Командир - Поселягин Владимир Геннадьевич 3 стр.


Через десять минут появился связной: пора!

"Тридцатьчетверка", рыча двигателем на высоких оборотах, забиралась на бугор. Впереди шли красноармейцы роты, с которой мы будем прикрывать переправу. Командир роты в шлемофоне заряжающего стоял на броне рядом с башней и излагал свои соображения:

- Там на холме большая яма. Мои бойцы расширили ее, получился отличный капонир с круговым обзором. У меня там сейчас дозор с пулеметом находится, - кричал он. Мы непроизвольно морщились. Ну сколько раз объяснять, что благодаря чувствительности микрофона на шнуре его и так прекрасно слышно?! Все равно капитан непроизвольно повышал голос, пытаясь перекричать рев двигателя.

Окоп и правда оказался неплохим, скрывая корпус так, что наружу торчала только башня.

- Глуши! - скомандовал я. - Манков, проверь сектор обстрела.

Танк, напоследок рыкнув дизелем, заглох. Послышался звук катков, когда башня повернулась вокруг своей оси. Наступила тишина, нарушаемая только скрипом, лязгом и матюгами - рота окапывалась. Повращав башней, Манков доложил:

- Норма, товарищ капитан. Но склоны холма в мертвой зоне.

- Ну тут мы вас прикроем, ни один немец не подберется, - успокоил капитан. Вернув шлемофон башнеру, он спрыгнул на землю и пошел к своим бойцам, придерживая на ходу планшет.
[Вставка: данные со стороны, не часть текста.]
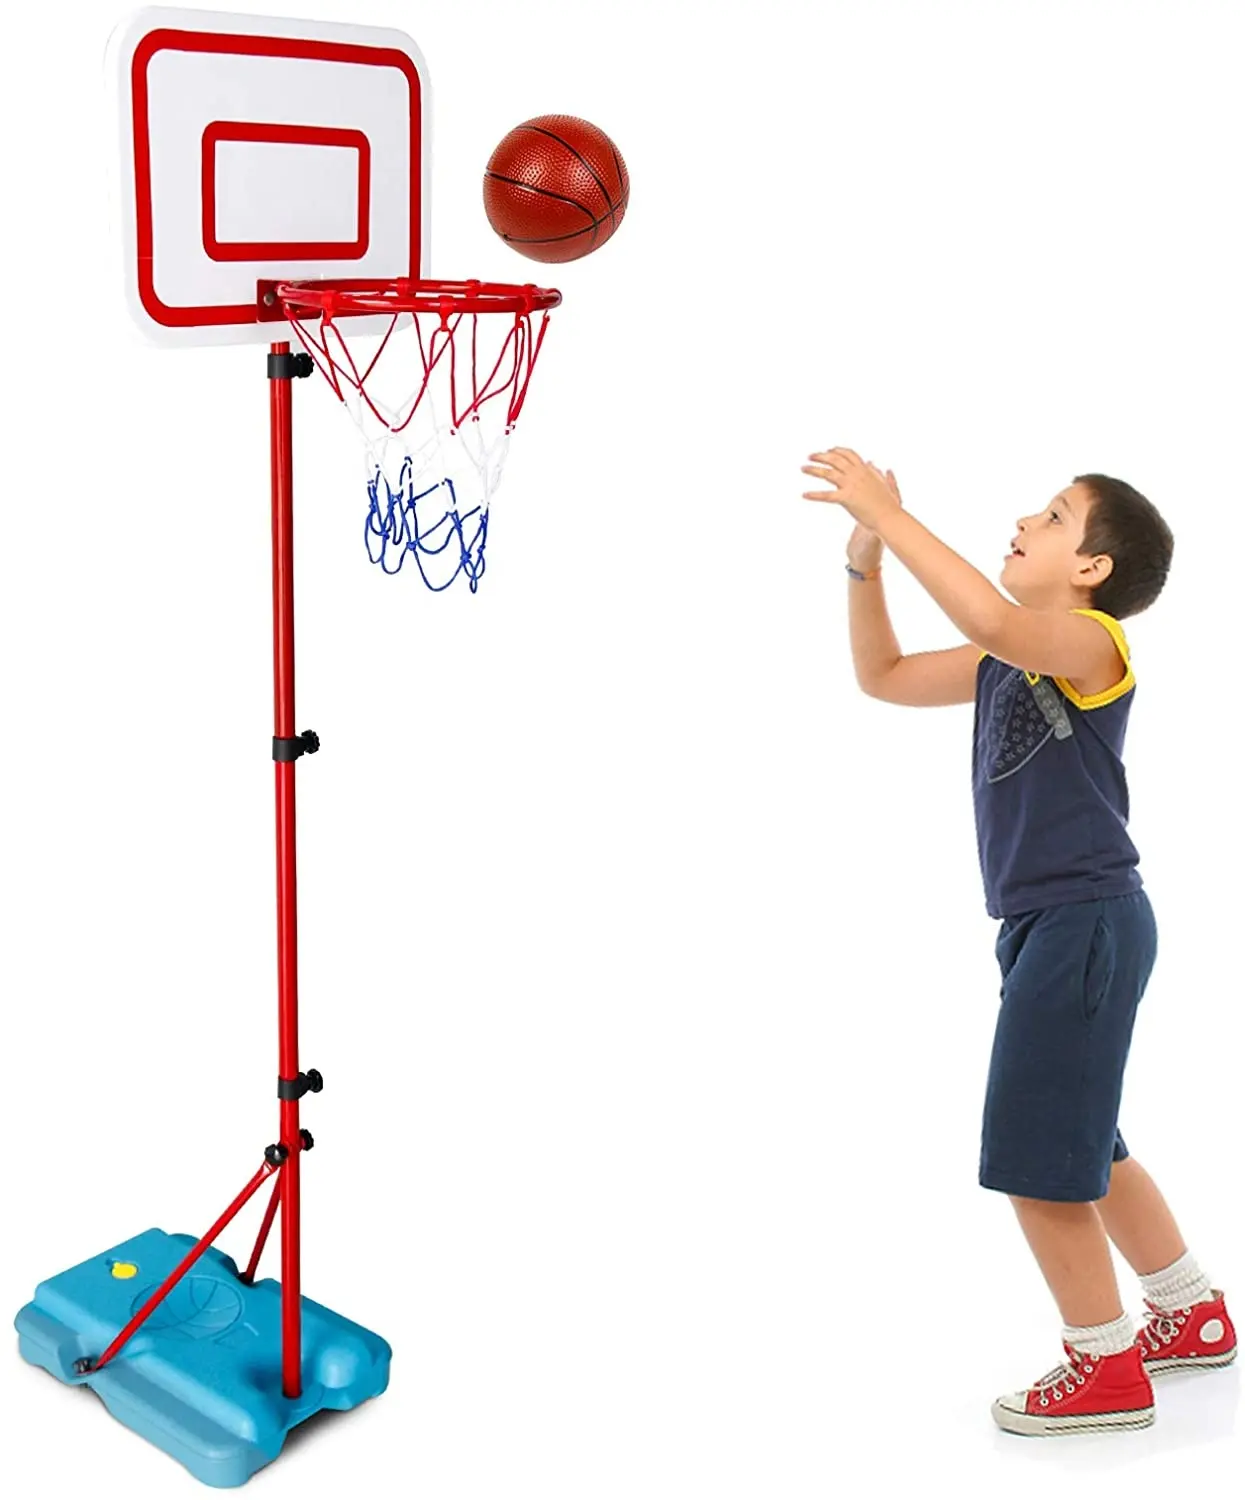 حار المبيعات كرة سلة للأطفال اللعب متعة لعبة رياضية لعب قابل للتعديل حامل كرة السلة المحمول هوب الاطفال لعبة رياضية للأطفال

Достав бинокль, я уселся на край люка и стал вести наблюдение. От брода, на котором уже показались разведчики на полуторке, проселочная дорога, огибая холм, пробегала мимо небольшой рощи, пересекала поле, засеянное рожью, и уходила прямо в лес, видневшийся в полутора километрах. Пропылив мимо холма, разведка скрылась за рощей.

Делать пока было нечего, и мне пришло в голову послушать эфир, благо "тридцатьчетверка" оказалась оборудована радиостанцией. Передав Манкову бинокль вместе с соответствующими инструкциями, я согнал с места радиста и принялся крутить настройки, вслушиваясь в треск и шорох эфира.

- …зведка прошла на хол… - неожиданно раздалось в наушниках. Говорили на немецком, который прекрасно знал Швед. - На холме русский тяжелый танк и до взвода пехоты. Даю наводку: квадр…

"Черт, черт! Немцы не ждали нас у брода, а просто отошли на два-три километра, оставив разведку и корректировщиков с рацией, которых я сейчас только что слышал. Как только наши втянутся в ловушку, меня накроют тяжелые орудия. От прямого попадания никакая броня не спасет! Черт, черт. Черт!!!"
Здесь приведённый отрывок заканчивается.